Reconciliation is an important step for generating good Linked Data as you’ll often need to correlate values in a dataset with URIs in existing datasets in order to generate links. E.g. matching company names to their URIs. While it is possible to generate identifiers algorithmically during a conversion this typically just defers the reconciliation work until a later stage, when you carry out cross-linking to introduce equivalence links.

Recognising that the ability to introduce new reconciliation services would be a powerful extension to Gridworks, David Huynh has been creating a draft specification that will allow third-parties to create and deploy their own reconciliation services. He’s been documenting his progress on implementing the client side of this protocol and has published a testing service.

It occurred to me that the reconciliation API is essentially a structured search over a dataset and thus could be implemented against the search interface exposed by Talis Platform stores. The RSS 1.0 feeds that the Platform returns includes enough information to rank and filter results as required by the API.

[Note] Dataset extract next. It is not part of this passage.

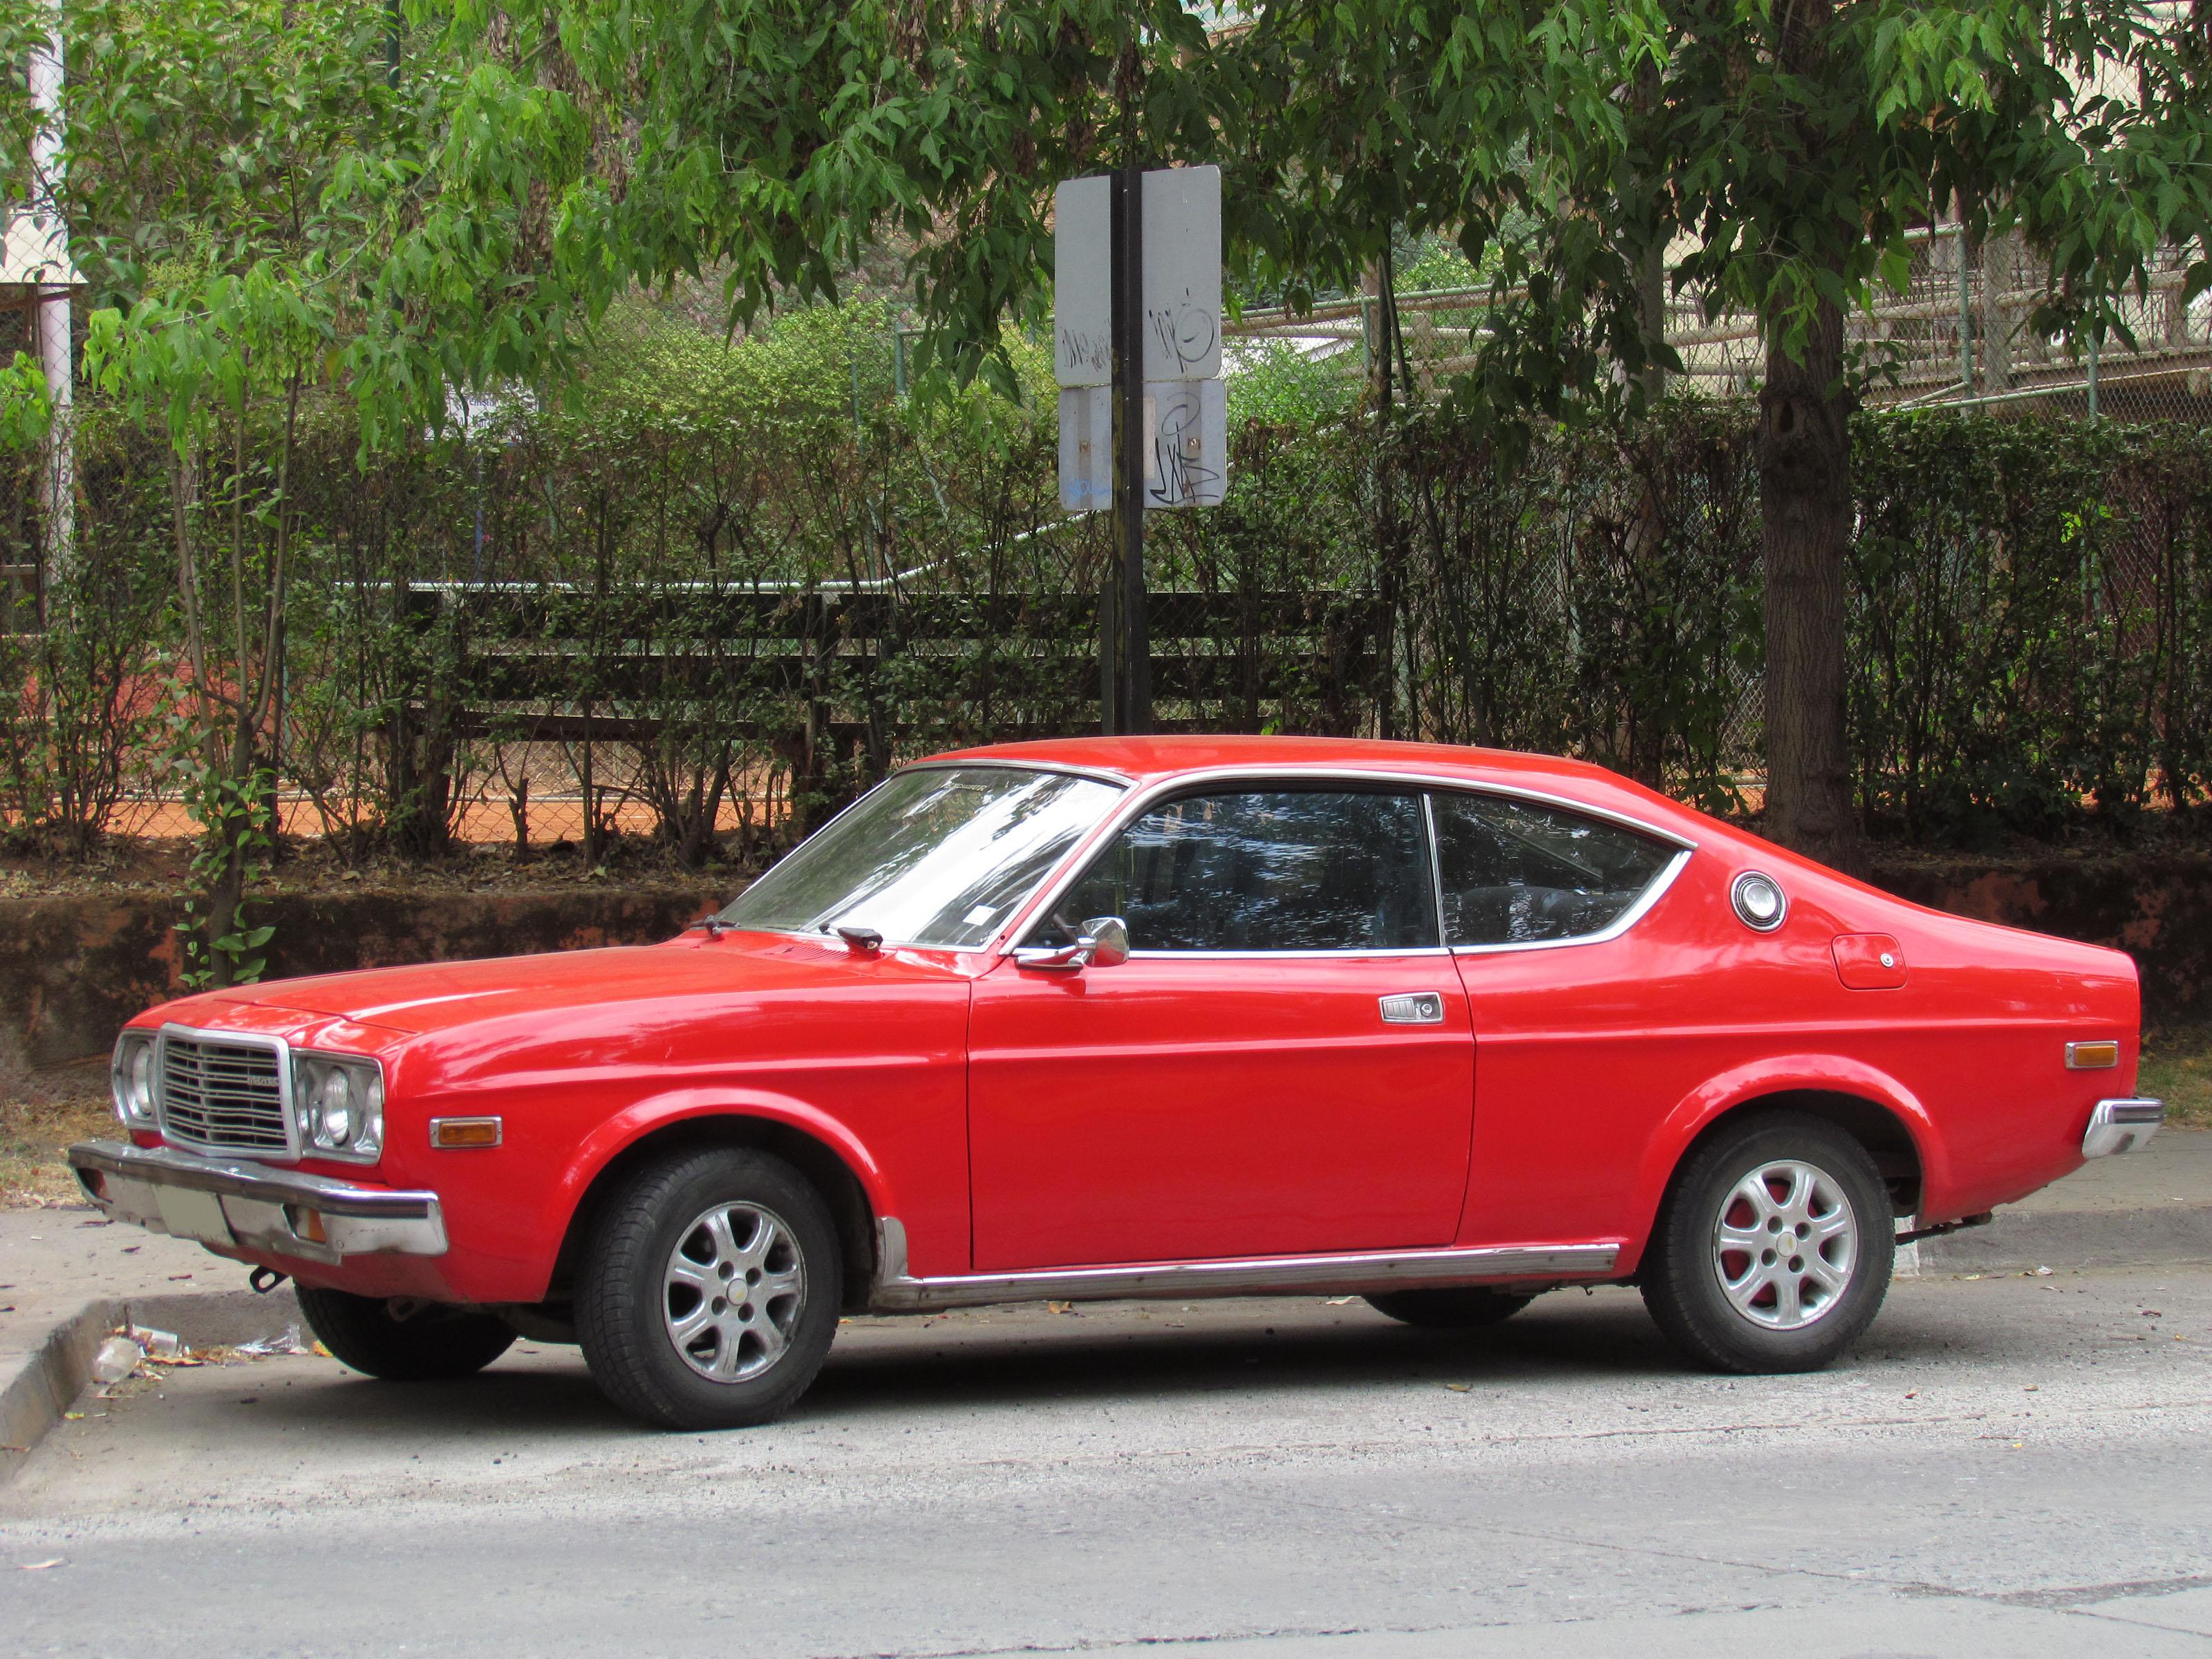 File:Mazda 929 Hardtop Coupe 1976 (13449318883).jpg
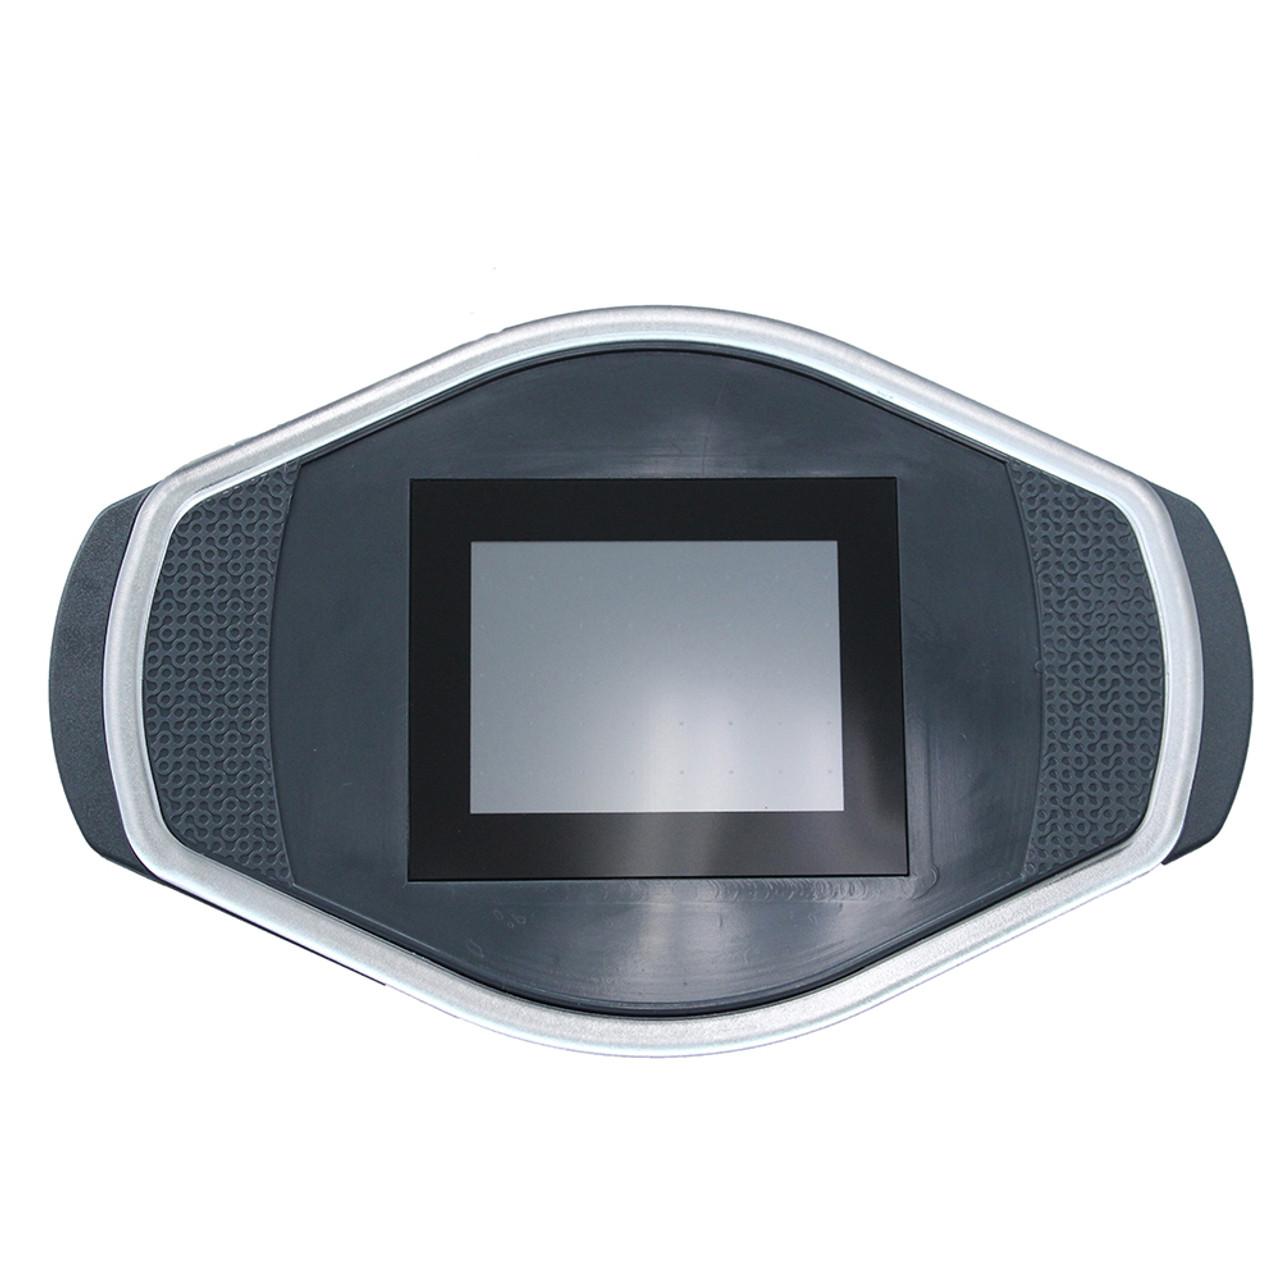 NLA - Master Spa - X310220 - Twilight Topside Control

I’ve created a simple Ruby application, using the Sinatra web framework, that implements the reconciliation API for any Talis Platform store. You can find the code on github if you want to have a play with it. As I note in the README there are some areas where customisation is useful to get the most from the service. So while in principle it can be used against any existing Platform store you can create a simple JSON config to tweak it for particular datasets.

There’s a live version of the code running one my server here: http://ldodds.com/gridworks/.

That page has a simple API console for carrying out queries, but consult the draft specification for more details. I think I’ve covered all of the basic features (but bug reports welcome!). Consult the README for notes on configuration options and implementation decisions.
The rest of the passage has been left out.